3

I have a table that holds status changes per item. The item can go in and out of a status multiple times.

ItemTable (ItemId int, Status varchar(50), DateOfChange date)

I need to pull the date of each change. However, since the statuses can be repeated for each Item, I can't just do the min(DateOfChange) and find the occurrences.

This is in an OLAP environment, and the subquery that's been used to pull this data is KILLING performance.

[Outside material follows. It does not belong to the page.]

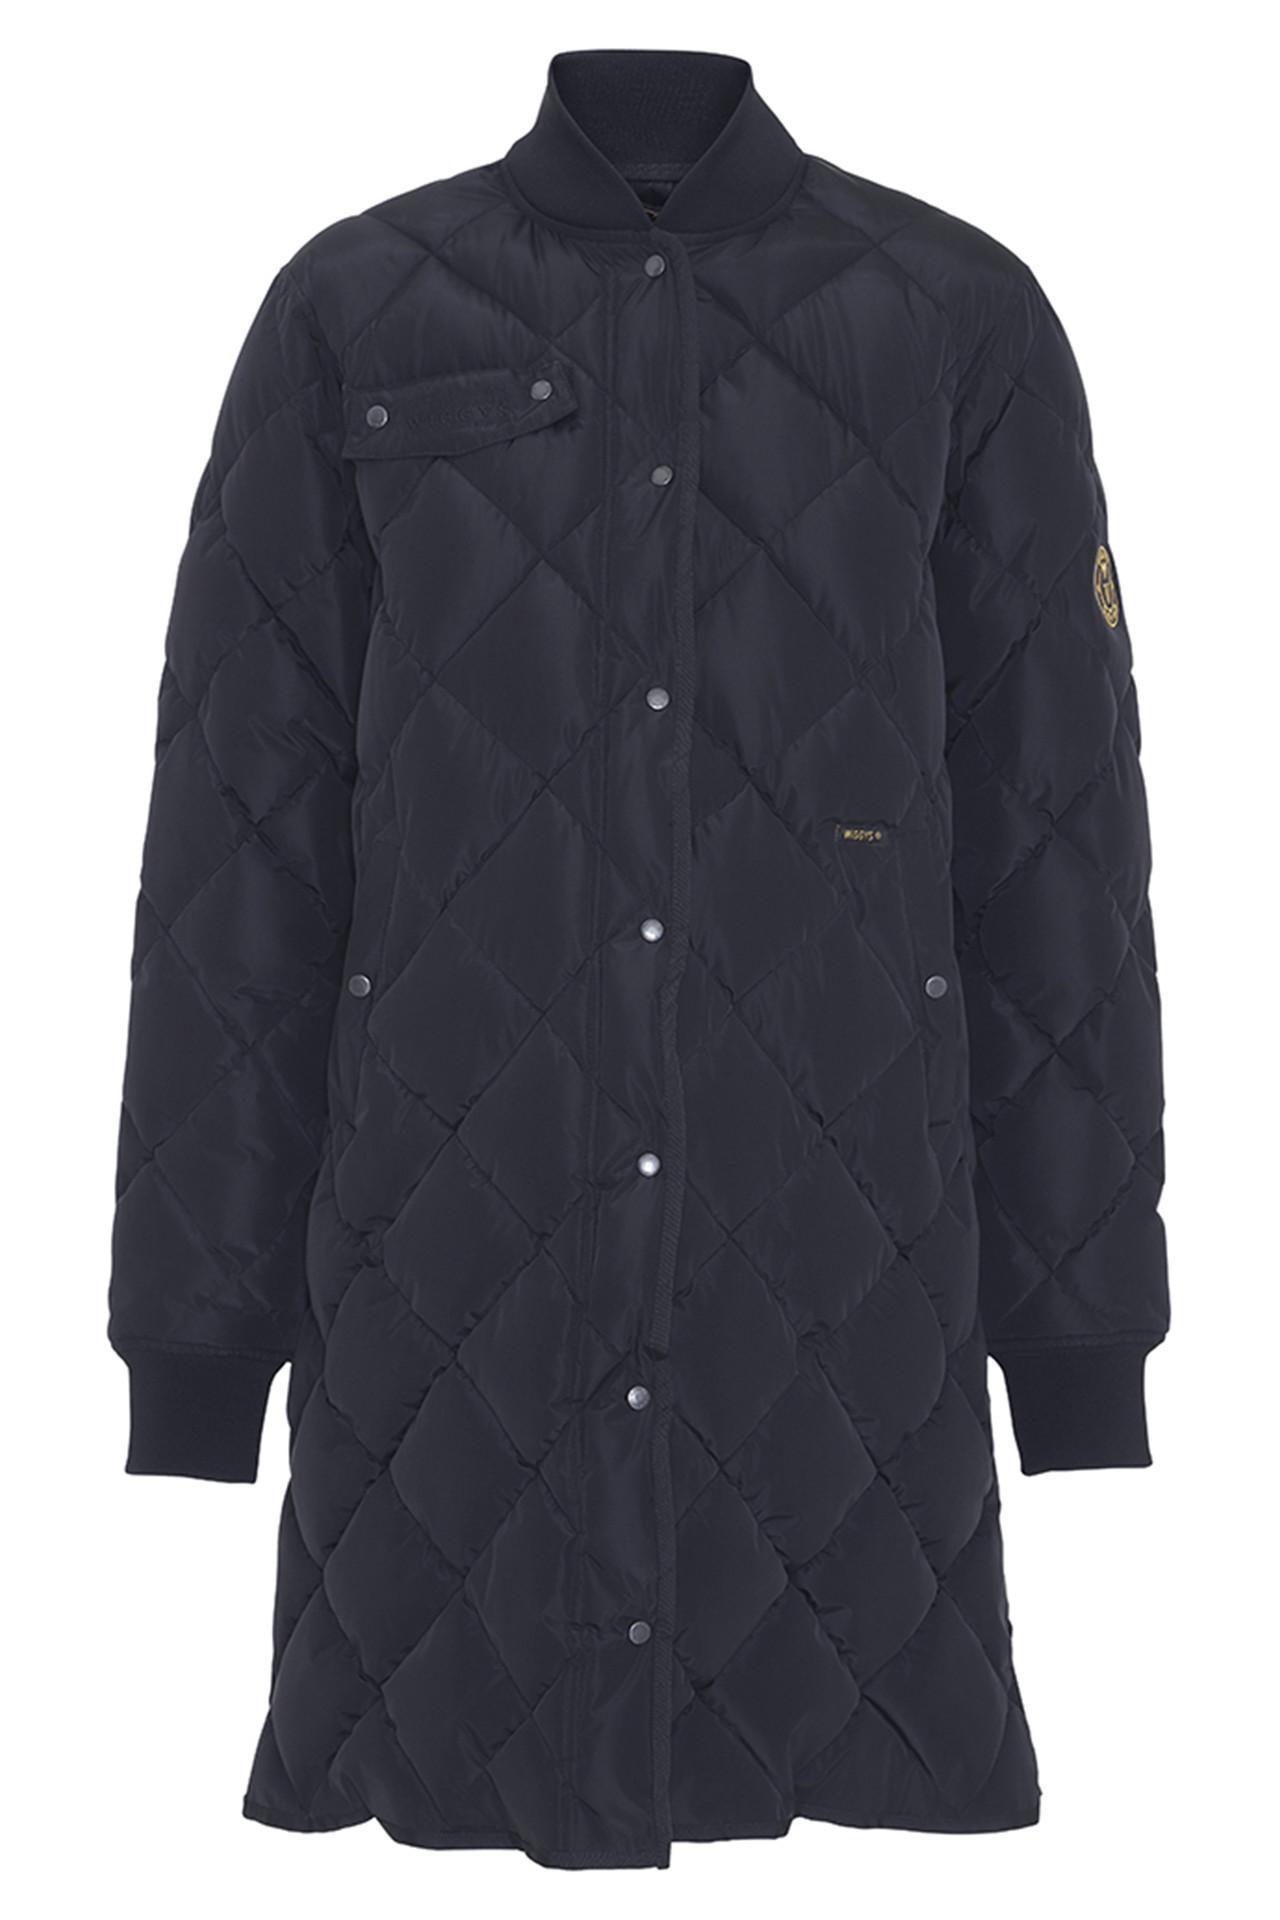 Wiggys jakke

Is there a way to pull this stuff via partitioning/rownumber functions? Or something else that would behave better in OLAP? (This is in SQL 2008.)

Valkyrie
  • 631
  • 5
  • 14
  • To clarify, you need to pull the first date of each status for an item? – Kevin Jan 11 '14 at 14:01
  • Sorry, power knocked out the office for about 10 hours. :P No, I need each date for each status change. So if it goes into status A 5 times, I need 5 dates. Be nice if it were just the first instance of A, but no such luck. – Valkyrie Jan 12 '14 at 01:21
  • I had an answer lined up but Martin's is fleshed out a little better if that's what you were looking for. What doesn't quite make sense to me is you have a date per status per item in your table, what are you looking for? – Kevin Jan 12 '14 at 01:28
  • 'Cause it's not just those columns; it's a metric ton of data per day, but this one column is all I care about for this crappy subquery. Martin saved my bacon! – Valkyrie Jan 12 '14 at 02:28

1 Answers1

10

This type of requirement comes under the banner of "gaps and islands". A popular approach is

WITH T
     AS (SELECT *,
                DENSE_RANK() OVER (PARTITION BY ItemId ORDER BY DateOfChange) - 
                DENSE_RANK() OVER (PARTITION BY ItemId, Status ORDER BY DateOfChange) AS Grp
         FROM   ItemTable)
SELECT ItemId,
       Status,
       MIN(DateOfChange) AS Start,
       MAX(DateOfChange) AS Finish
FROM   T
GROUP  BY ItemId,
          Status,
          Grp
ORDER  BY Start 
Martin Smith
  • 84,644
  • 15
  • 245
  • 333